Ahhh, the old looming threat of being replaced, that static humming fear inside all of us. This episode has Betty and her health scare, Roger vs. Pete, the generation gap with Don and a Rolling Stones groupie, and Peggy with new hire Michael Ginsberg.

Apparently, so much of Betty’s past energy was expended pushing and pulling at Don’s inexorable mystery that when she lets go of that rope.. she really lets it all go to hell. And though she may look different from season 4 (mainly to work around January Jones’ pregnancy), she’s still herself; habitually negative, insecure, and indelibly myopic. She’s just as unhappy and unfulfilled with her housewife life, even though she’s married to faithful Henry. Don’t forget that emotionally, Don let Betty stay a little girl; he let her have her temper tantrums and get her way, since he was getting his way too. It’ll take some time for her to acclimatise and work through those literal years of garbage treatment.

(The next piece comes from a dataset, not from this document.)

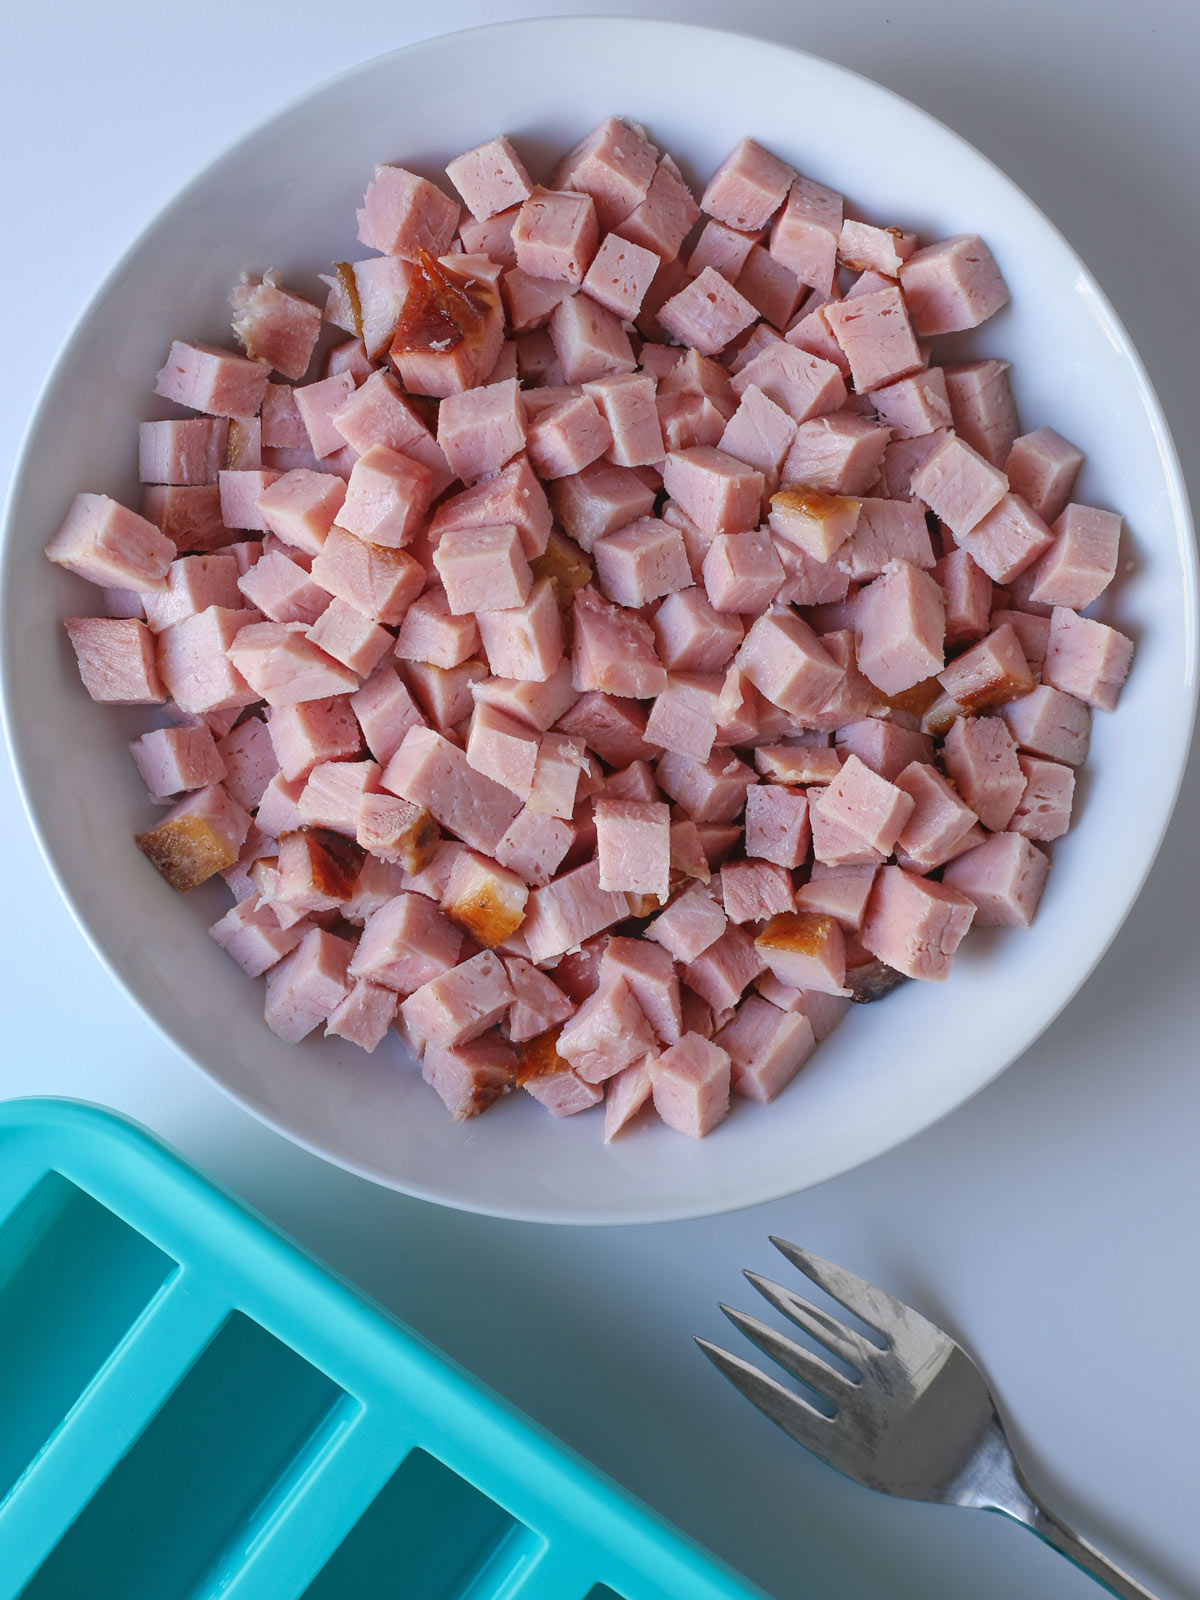 diced ham in a bowl with soupercubes nearby.
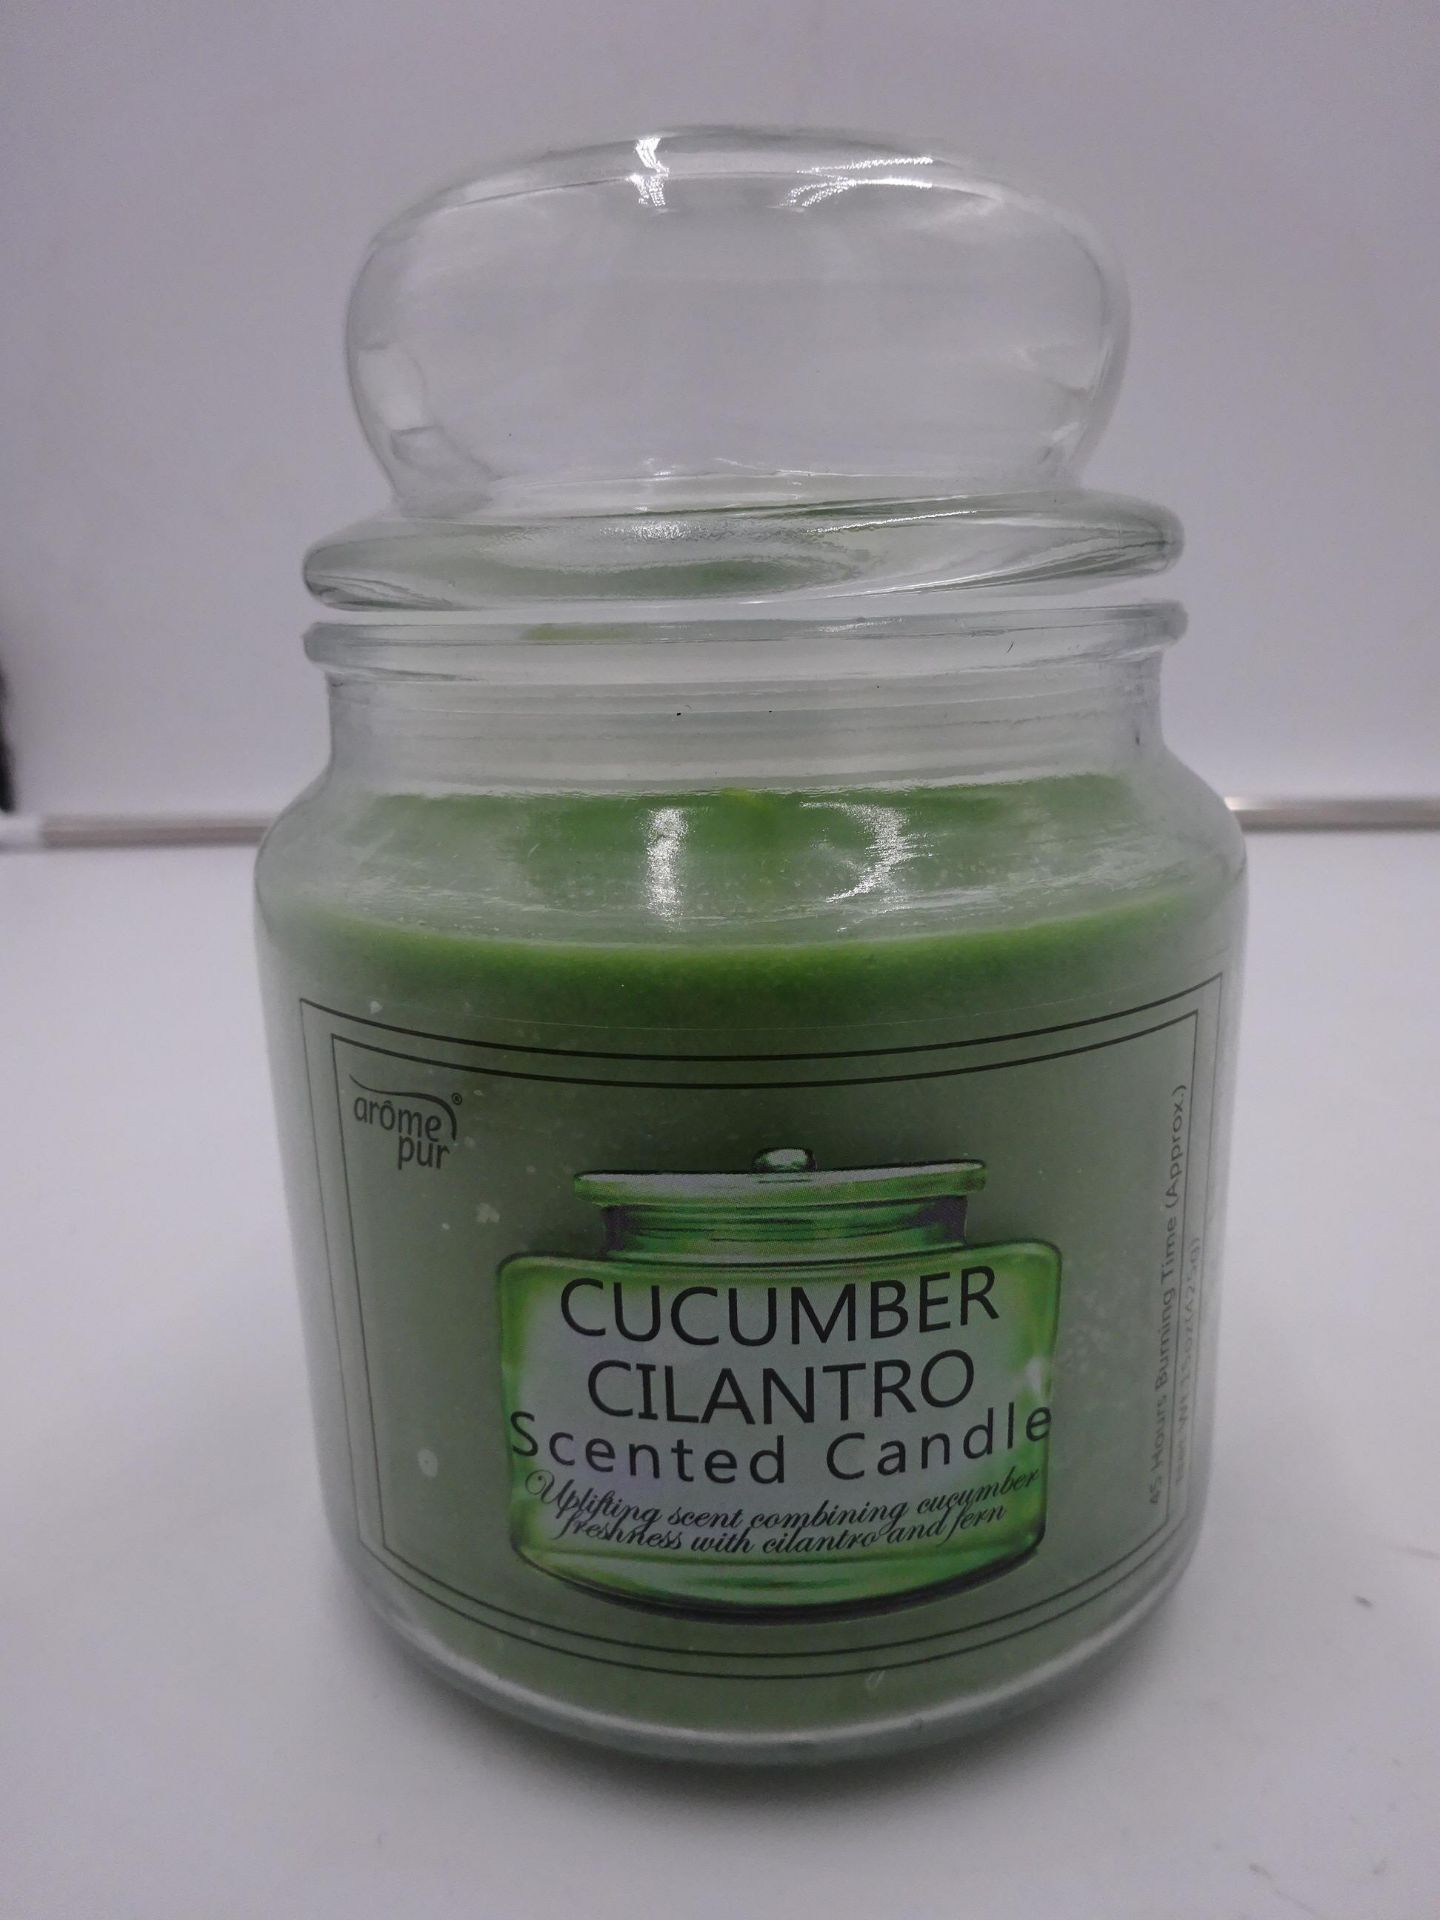 NEW CUCUMBER & CILANTO SCENTED CANDLE WITH 45 HOURS BURNING TIME

On the quest for diet pills, she has a legit health scare; some sort of node on her thyroid that could be cancer, and everything in her world understandably screeches to a halt. What would happen to the kids? How would they remember her? God forbid her dinosaur mother in law and ‘teenager’ Megan raise them.. ay yi yi, Bets.

I know everyone reacts differently when they’re faced with something frightening, but she’s still so threatened by Megan that she refers to her as Don’s girlfriend instead of his wife.. not a good look. And it ends up that Don is the one to remind her of how the kids might react to the news. The fact that Don is her first call is pretty telling; she knows he’ll tell her what she wants (and needs) to hear, that everything is going to be OK.

It’s not all bad, and she does come back down to earth for a bit; the way Betty cuddles with Gene as she and Henry look on at Bobby and Sally running around with sparklers is a very Norman Rockwell moment in time.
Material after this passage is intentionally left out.